4.5.22. Vibrational Spectroscopy#

In order to probe the vibrations of a molecule using experiment, we must shine a light on the molecule. Light produces an electromagnetic field, \(\mathbf{E}\), which can be approximatly written as

\(\mathbf{E} = \mathbf{E}_0 cos2\pi\nu t\),

where \(\nu\) is the frequency of the radiation and \(\mathbf{E}_0\) is the electric field vector. Note that this field is for monochromatic light and has an explicit time dependence.

Hitting a system with this light leads to a change in the Hamiltonian of the system. That is, the wavefunction of the molecule is perturbed by the presence of the electromagnetic field. The perturbation to the Hamiltonian can be written as

\(\hat{H}^{(1)} = -\mathbf{\mu}\cdot\mathbf{E} = -\mathbf{\mu}\mathbf{E}_0 cos2\pi\nu t\)

where \(\mu\) is the dipole moment of the molecule. The complete Hamiltonian for the system is then

\(\hat{H} = \hat{H}^{(0)} + \hat{H}^{(1)}\),

where \(\hat{H}^{(0)}\) is the Hamiltonian of the isolated molecule. This Hamiltonian has explicit time dependence so we cannot solve the stationary state Schrodinger equation. This problem can be solved using time-dependent perturbation theory but we will not do so now. Instead we will use some of the results from this solution.

4.5.22.1. Transition dipole moment#

Time-dependent perturbation theory on the above Hamiltonian leads to defining what is called the transition dipole moment for a molecule. This is defined as

\(\langle \nu | \mu_z | \nu'\rangle = \int_{-\infty}^{\infty} \psi_\nu(x)\mu_z(x)\psi_{\nu'}(x)dx\),

where \(\nu\rangle\) are stationary state solutions of the \(\hat{H}^{(0)}\) Hamiltonian (isolated molecule). This quantity dictates the absorpition of a transition from state \(\nu\) to a state \(\nu'\).

We now expand \(\mu_z(x)\) about the equilibrium position (\(x=0\))

\(\mu_z(x) = \mu_0 + \left( \frac{d\mu}{dx}\right)_0x + ...\)

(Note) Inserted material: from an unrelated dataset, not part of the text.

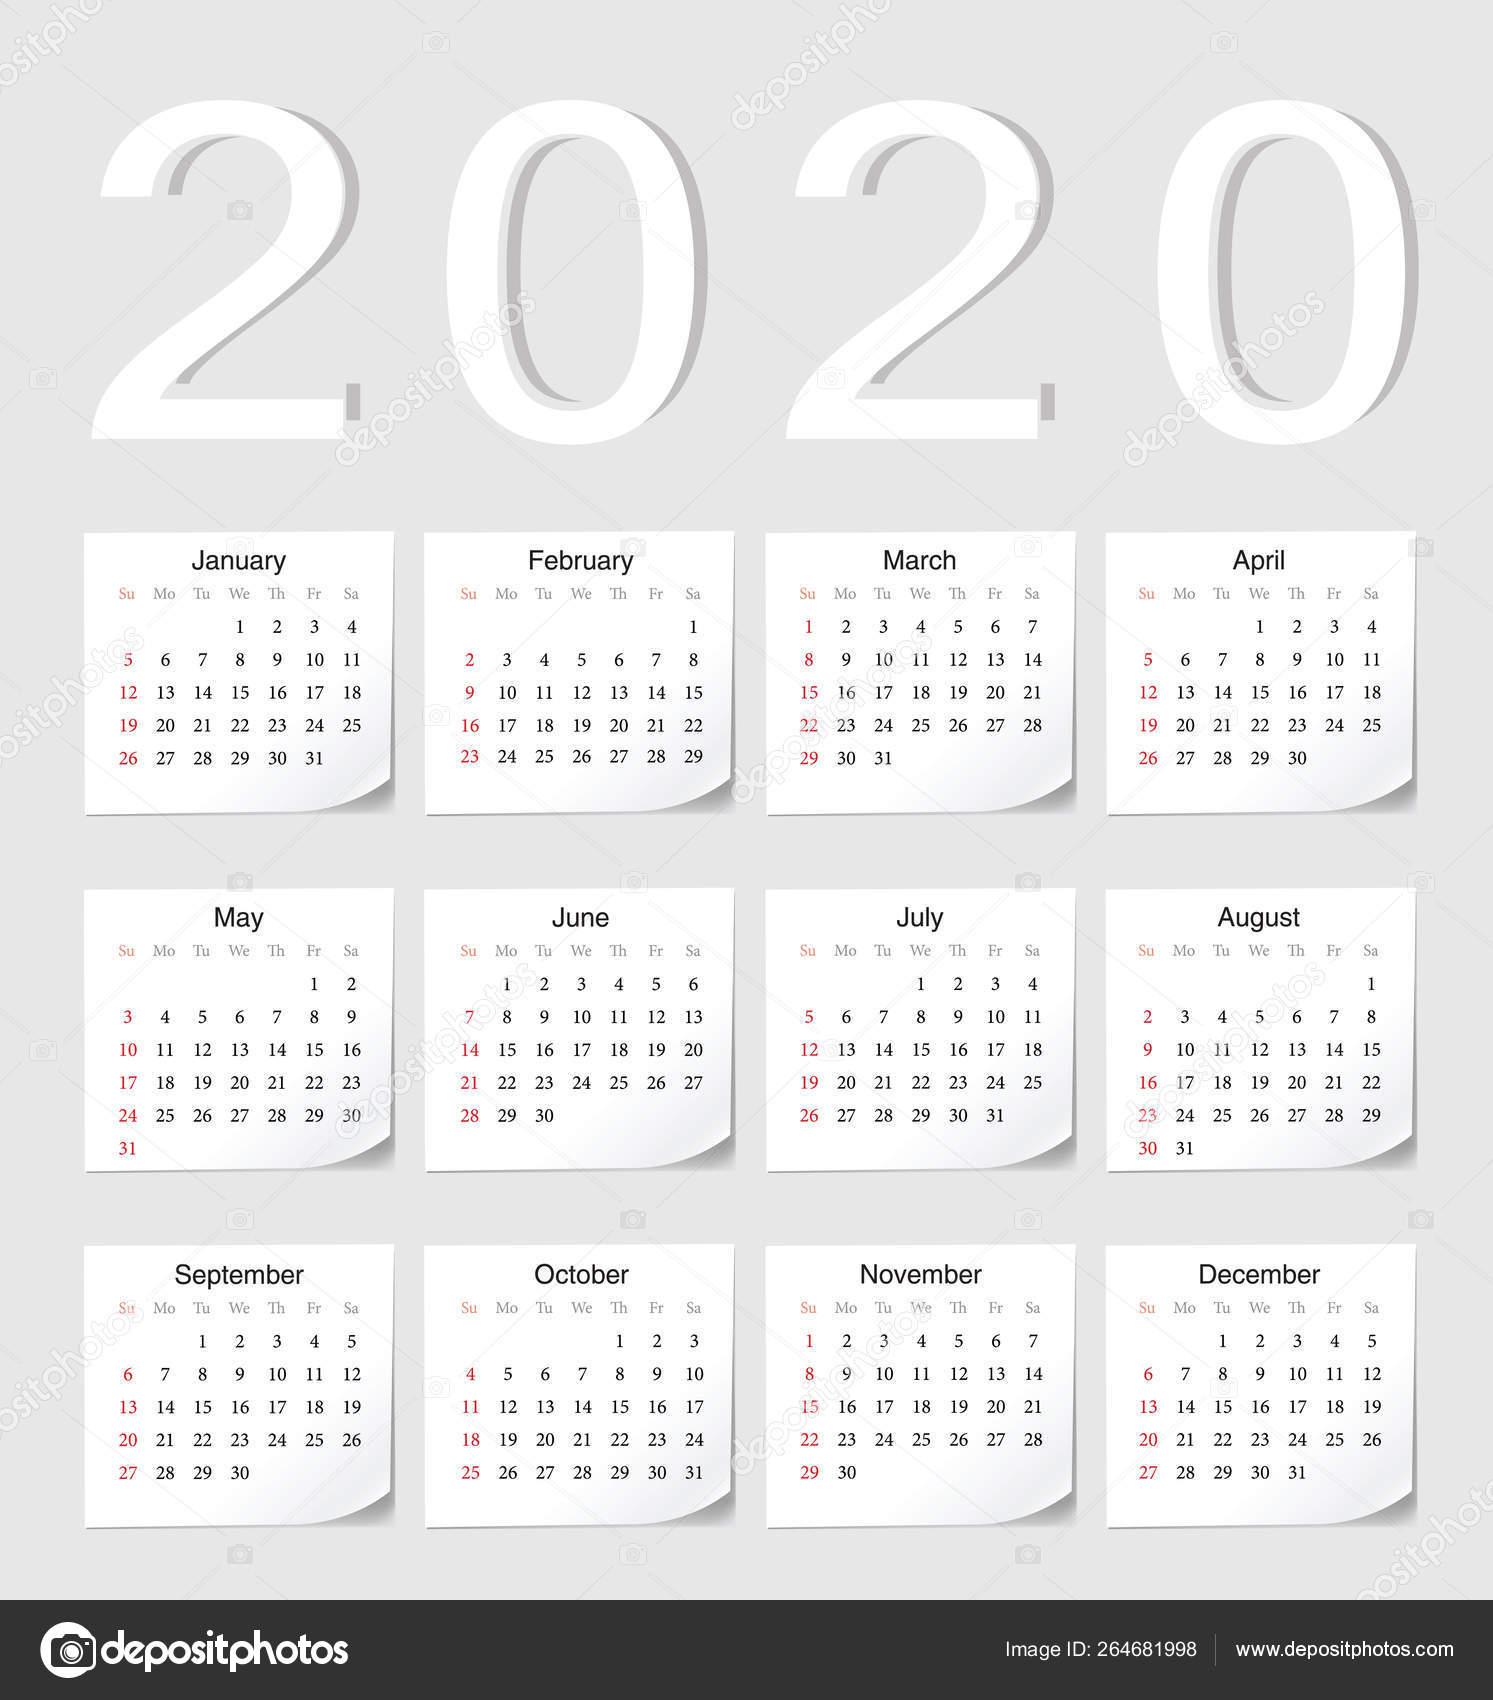 Календарь 2020 Года  Bagno.site throughout Kalendar Kuda July 2020

where \(\mu_0\) is the dipole moment at the equilibrium position and \(x\) is the displacement from that position. Substituting this expansion truncated to second order into the transition dipole moment we get

\(\langle \nu | \mu_z | \nu'\rangle = \mu_0 \langle \nu | \nu'\rangle + \left( \frac{d\mu}{dx}\right)_0 \langle \nu |x| \nu'\rangle \).

Harmonic Oscillator

The above expression is for a general \(\hat{H}^{(0)}\). We now investigate the Harmonic Oscillator (HO) system with \(\hat{H}^{(0)} = -\frac{\hbar^2}{2\mu}\frac{d^2}{dx^2}\). The first term on the right-hand side of the above equality is zero for \(\nu \neq \nu'\) due to the orthogonality of HO wavefunctions. In order to assess the value of the second term, we must recall that the generic HO wavefunction is given as

\(\psi_\nu(x) = N_\nu H_\nu(\alpha^{1/2}x)e^{-\alpha x^2/2}\)

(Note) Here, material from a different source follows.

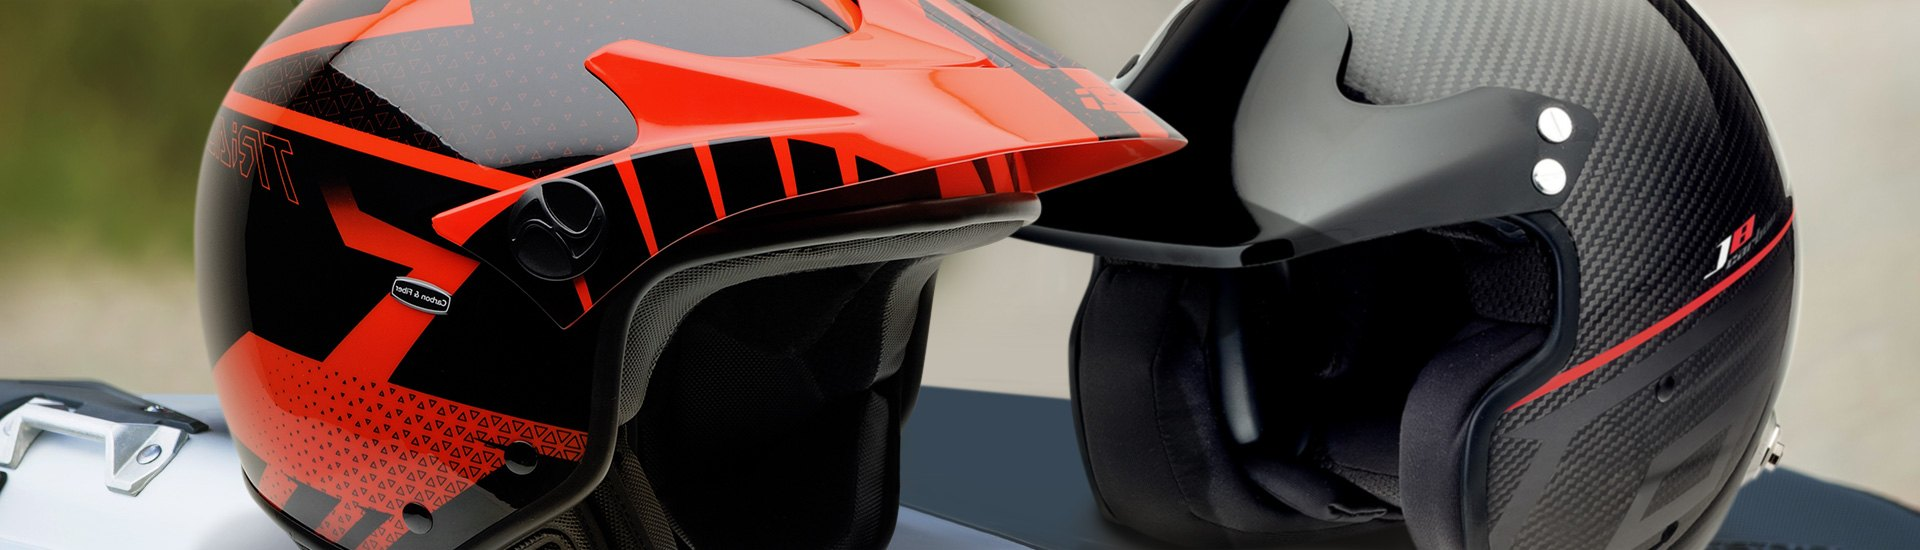 3da2c62d Open Face Powersports Helmets | ATV, UTV, Snowmobile – POWERSPORTSiD.com

where \(H_\nu(\alpha^{1/2}x)\) is a Hermite polynomial. There are a few properties of Hermite polynomials that are quite important. One is that they are orthogonal. The one we will use to investigate the transition dipole moment is

\(xH_\nu(x) = \nu H_{\nu-1}(x) + \frac{1}{2}H_{\nu+1}(x)\).

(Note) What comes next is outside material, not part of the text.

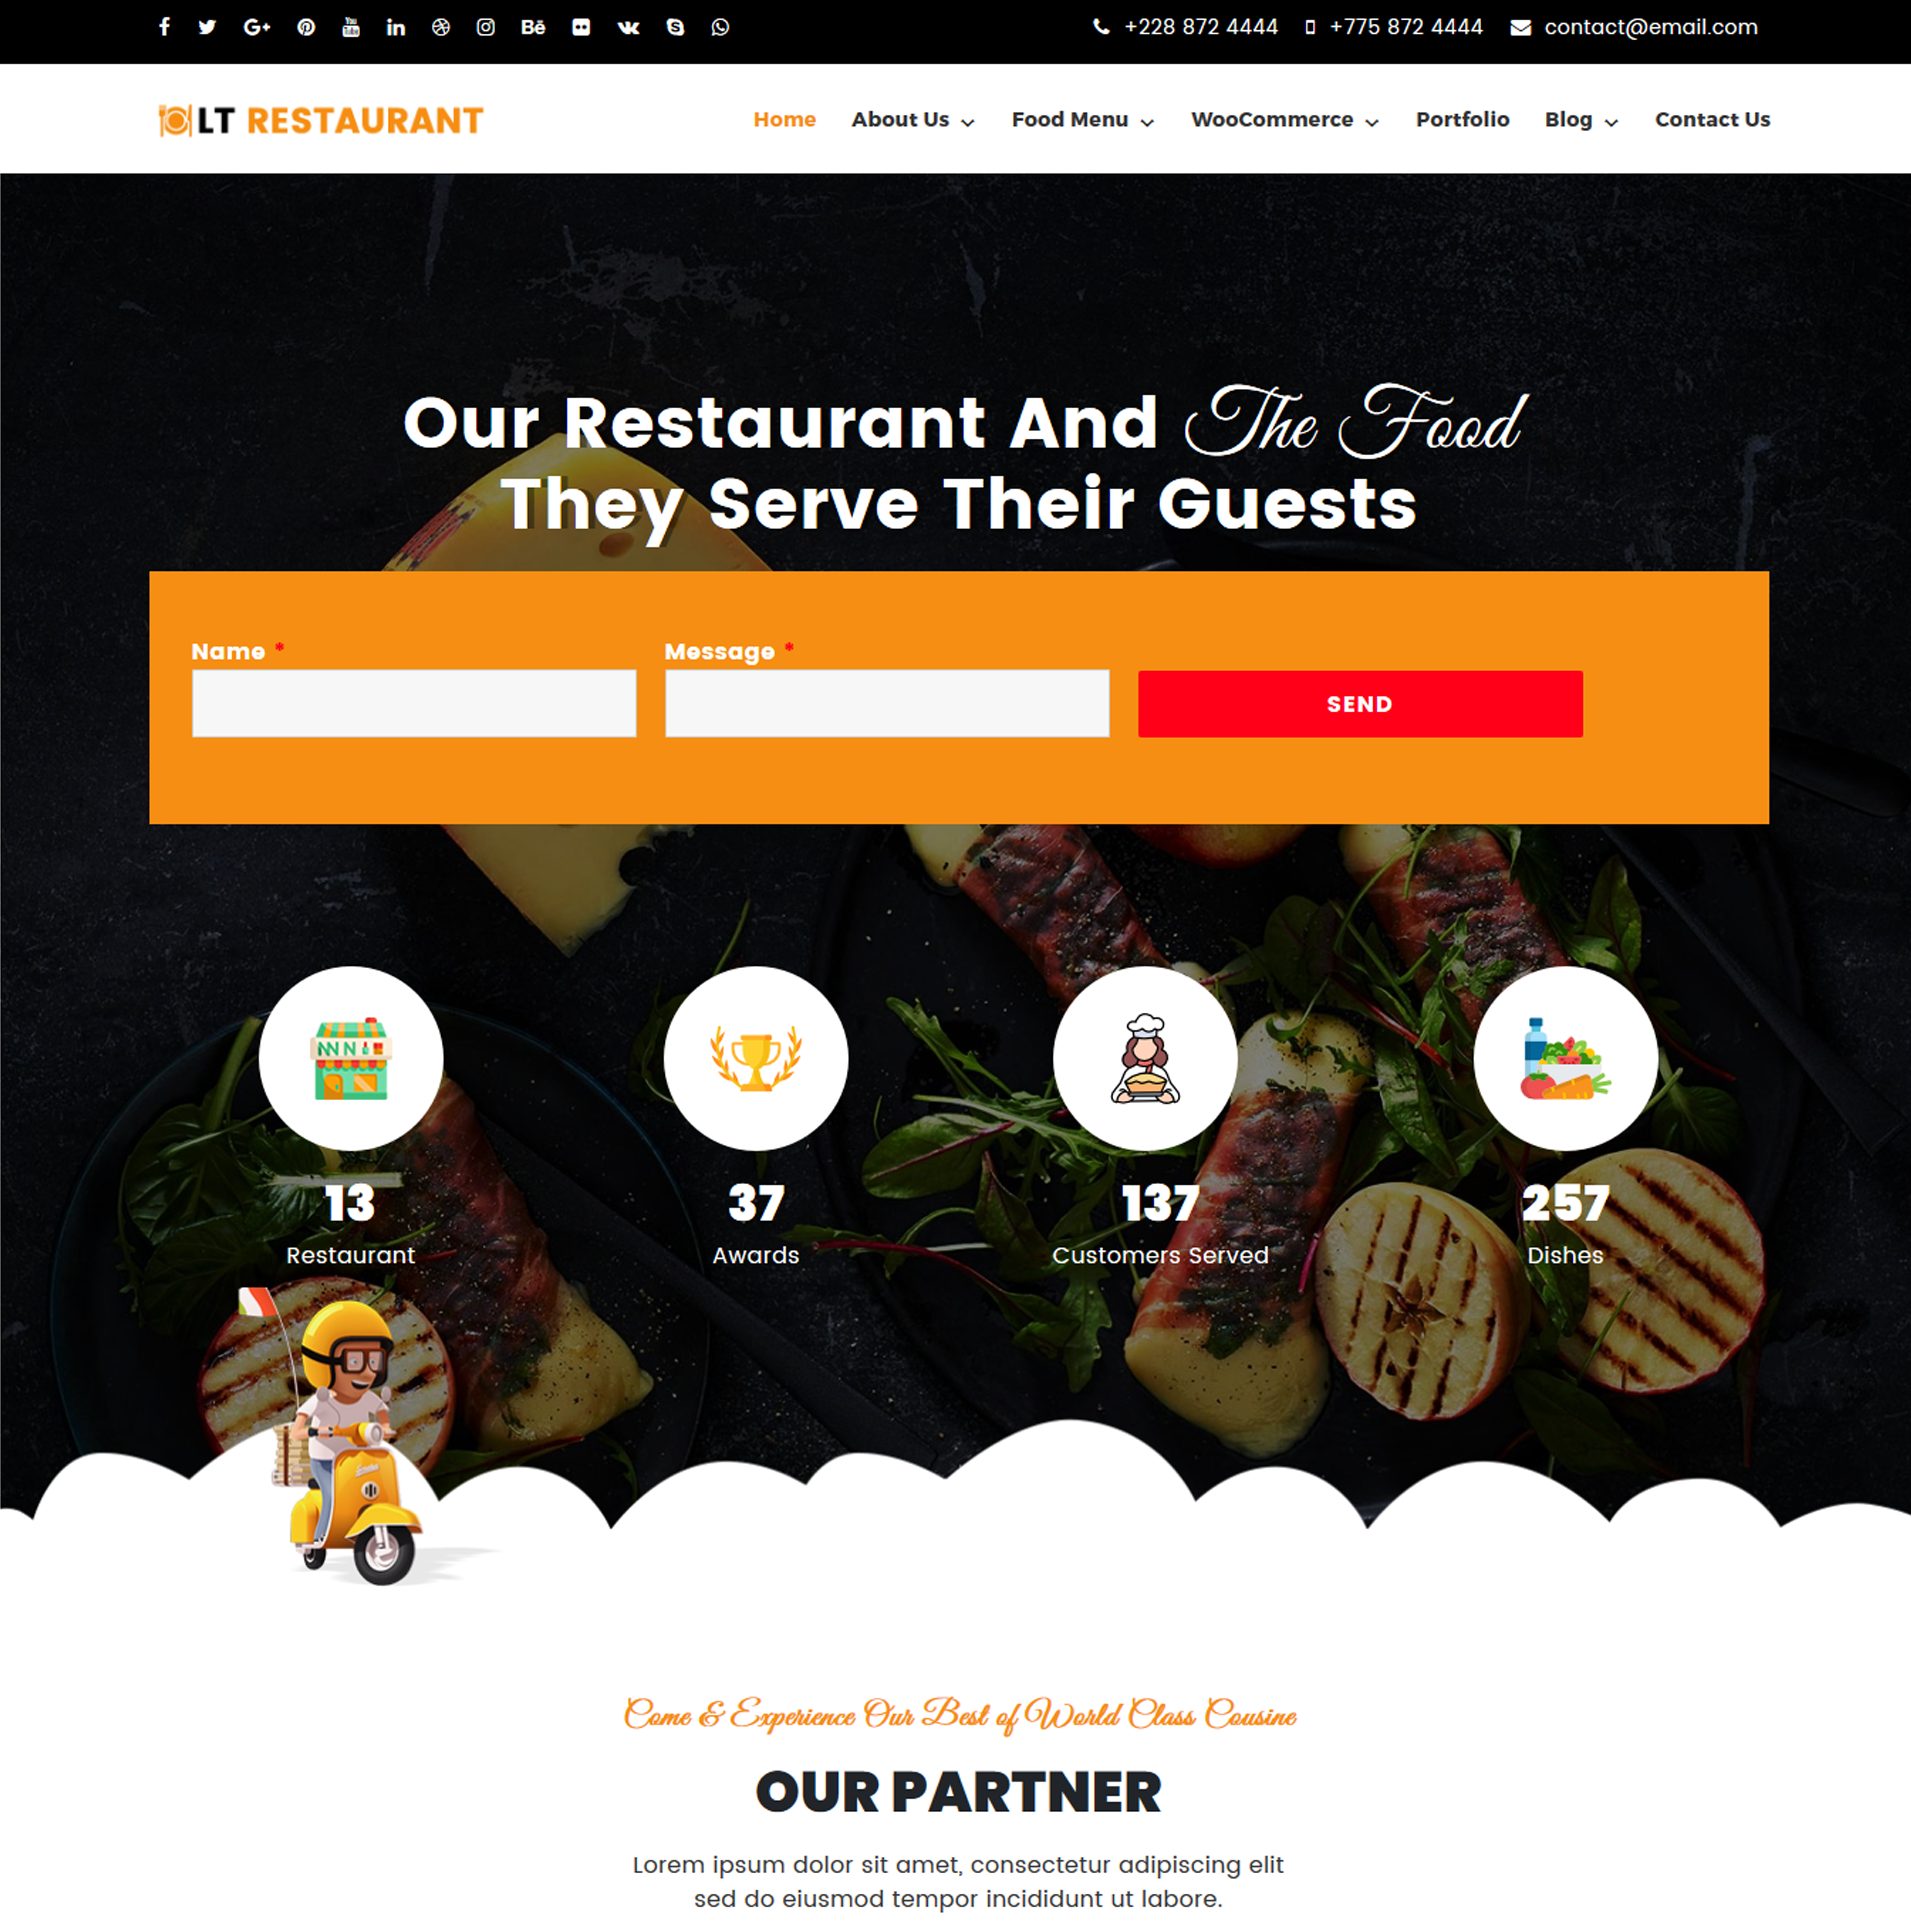 https://ltheme.com/project/lt-restaurant-free-responsive-food-order-restaurant-wordpress-theme/

If we plug this relationship into the integral above we get

\(\langle \nu | \mu_z | \nu'\rangle = \left( \frac{d\mu}{dx}\right)_0 \langle \nu |x| \nu'\rangle = \frac{N_\nu N_{\nu'}}{\alpha}\left( \frac{d\mu}{dx}\right)_0\int_{-\infty}^{\infty} H_{\nu'}(\xi)\left[\nu H_{\nu-1}(\xi) + \frac{1}{2}H_{\nu+1}(\xi)\right]e^{-\xi^2}d\xi\),

where we have made the substition \(\xi = \alpha^{1/2}x\). Observe that the above equation is nonzero except when \(\nu' = \nu \pm 1\). This demonstrates the selection rule for a harmonic oscillator.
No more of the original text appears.